I imagine the creator looking around for just the right stone, like I do with my fabric when creating a quilt.

I imagine the care someone took in placing each stone in just the right place, like I do with my fabric when I make a scrap quilt.

Inspiration is everywhere.

Be sensitive to your surroundings and let them inspire you.

Sunday, June 19, 2016

Father's Day

Some countries, including Canada, are celebrating Father's Day today.

In Italy, it is celebrated on March19, Saint Joseph's day.

Four generations
What did I get from my dad? 

My creativity. My sensitivity. My independent thinking. My problem solving ability. My work ethic. My gift of constant ideas. My love of family. 

Happy Father's Day, Dad.

Circa 1965
I am on the far left.

Hand Stitching Indian Style

I heard all about Dijanne Cevaal's travels to India. I am particularly interested because my husband has been working in Bangalore for the last month and I plan to join him during his contract there and perhaps travel to different areas when he is occupied with meetings and such.

One of the things she did during her residency in Pushkar was to help find use for small pieces of fabric discarded from making clothing.

She designed a patchwork-type purse using pieces of hand-spun, indigo-dyed fabric.

She hand-stitched each small geometric-shaped piece of fabric using stitching inspired by the techniques the local women use.

Aperitivo with Dijanne!

The stitching is called  Sujuni.

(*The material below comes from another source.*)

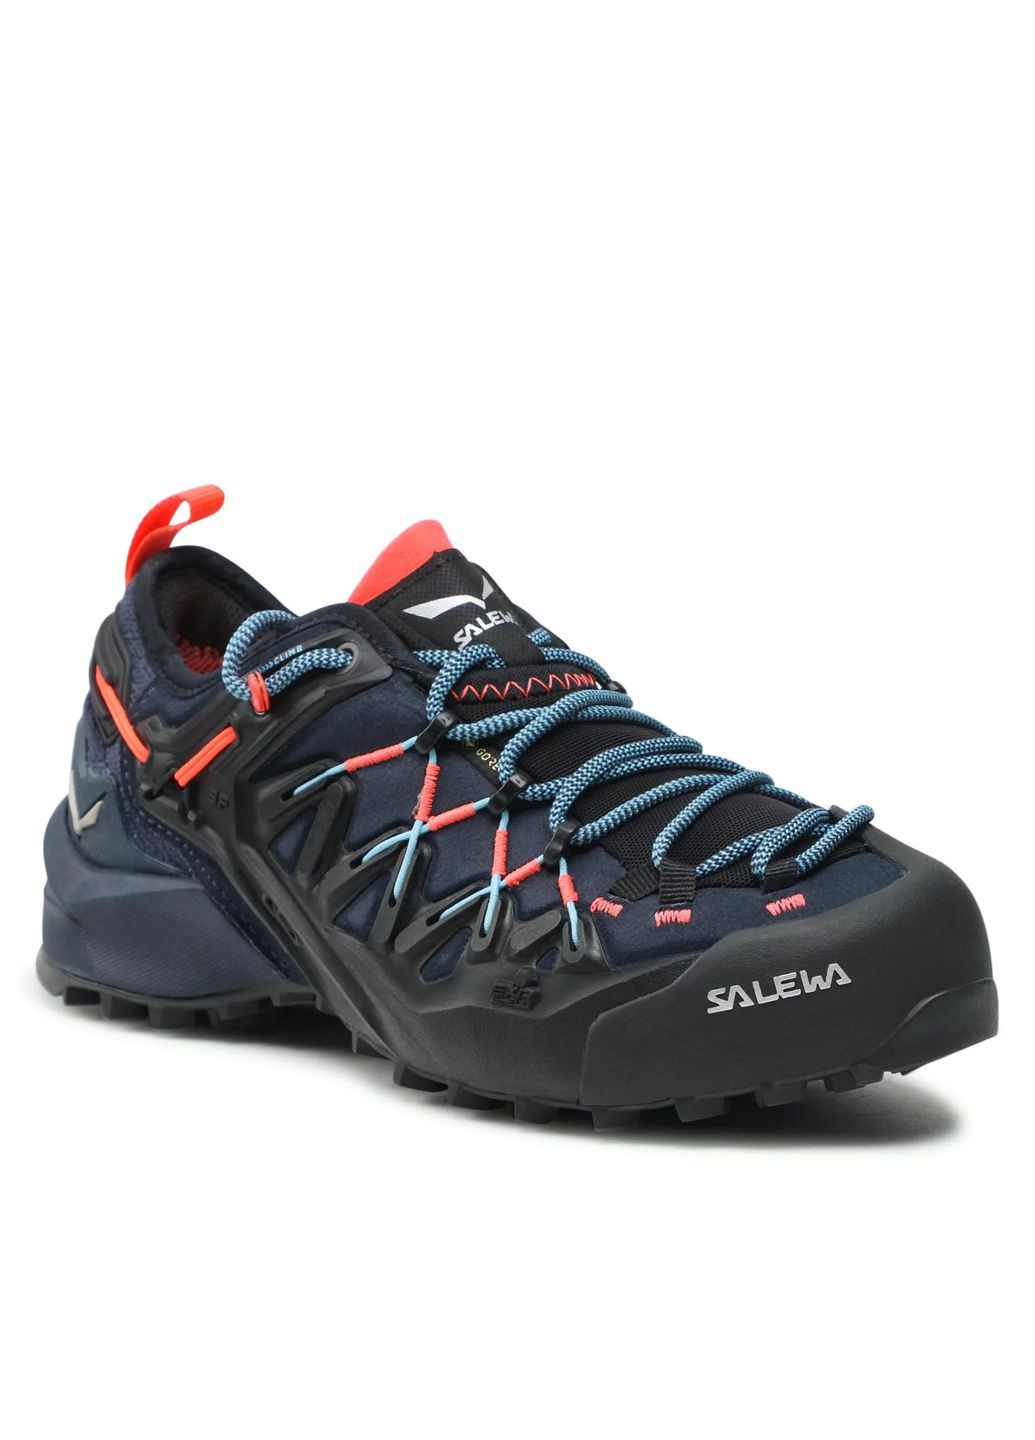 Комбіновані осінні кросівки wildfire edge gtx wms синій-чорний Salewa

It is different from the Kantha stitch in that there is a chain stitch used to outline figures and shapes and the straight-line running stitch is used as a filler. To read more about these two forms of Indian traditional embroidery, click here.

Tuesday, June 14, 2016


I received a gift this morning.

by Dijanne Cevaal
25cm x 50cm

An unexpected present.

I spent yesterday with Dijanne Cevaal showing her around Verona and she was was my pleasure! I LOVE Verona and I was interested in hearing about her textile adventures.

She gave me one of her lino-printed, hand-dyed fabrics. If you want one for yourself she does sell them through her blog. Her Medieval Project panels are similar and can be embroidered and embellished any way you want.

Click here to view them.

I am not sure how I will use mine. It will always remind me of our time together in Verona.